Global Natural Gas Consumption

Natural gas is a mixture of hydrocarbon gasses consist of methane, higher alkanes, and sometimes small doses of carbon dioxide, hydrogen sulfide, helium, and nitrogen. Decomposing plant and animal matter exposed to intense heat is the source of it; the matter that makes it up slowly rots away until all that is left is energy gotten from the sun, stored in the form of chemical bonds.

It’s a fossil fuel, used as a source of energy. It’s primarily used for cooking, heating, and electricity generation, but it can also be used as fuel for vehicles. Some places also use it as feedstock for making plastic.

It was thought to have been discovered as early as 1,000 BCE by the Chinese, who used bamboo pipelines to transport the gas that seeped up from the ground and funnel it to boil salt water.

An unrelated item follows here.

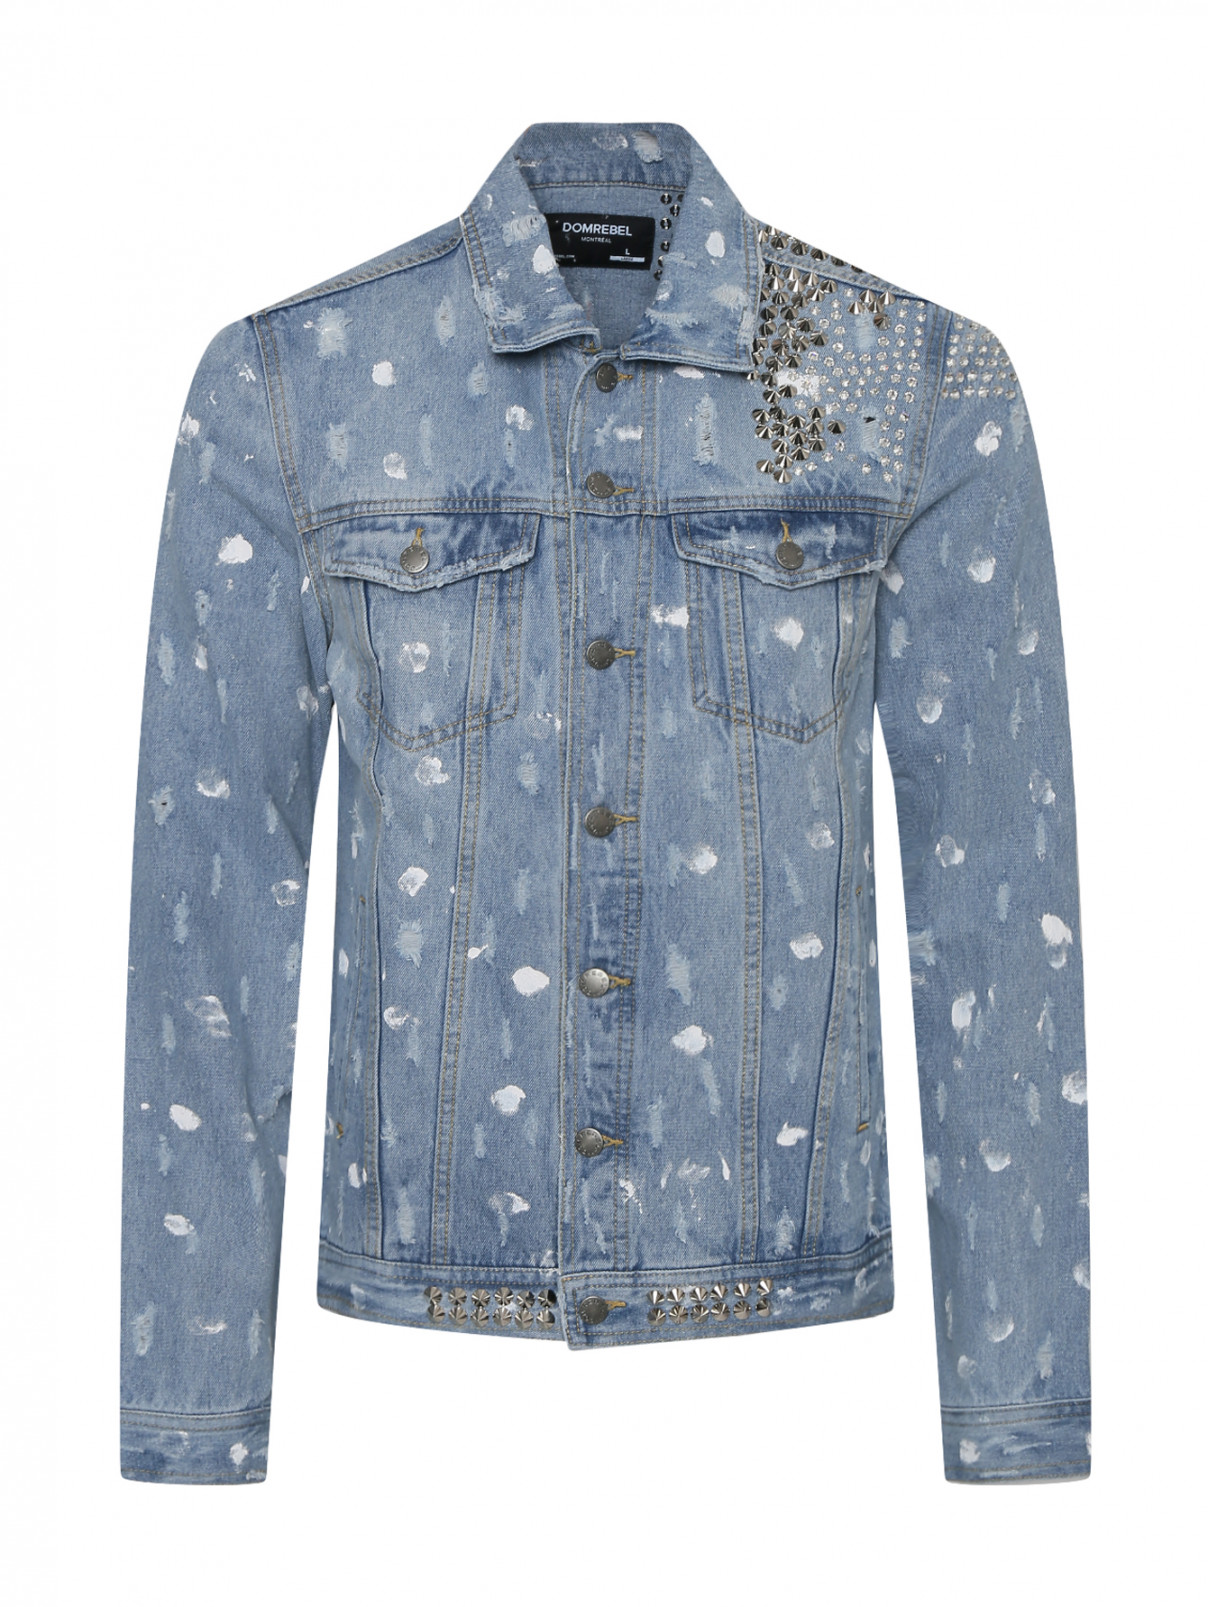 Джинсовая куртка из хлопка с металлическими аппликациями Domrebel  –  Общий вид  – Цвет:  Синий

Now, the important thing to note here is, natural gas is not a renewable resource. There’s only so much of it, and although it does regenerate itself, it does so too slowly to cope with how much the world uses. In 2015, it was estimated that the world consumed about 3400 km³ of natural gas per year, and if we kept using it at the same rate as in 2015, the reserves of natural gas left in the ground that would be worth recovering would last 250 years as far as it is concerned.

Of course, that doesn’t factor in corporate greed and the negligence of humans. If the world increased its usage of natural gas by just 2% annually, the stores of the gas left wouldn’t last a decade.

As well, one must consider the fact that natural gas being used up in the ways that it also creates terrible ecological waste in the form of air and water pollution. Sea creatures are getting sick and dying off, birds are becoming poisoned, and the ozone layer was slowly deteriorating at an alarming rate until very recently.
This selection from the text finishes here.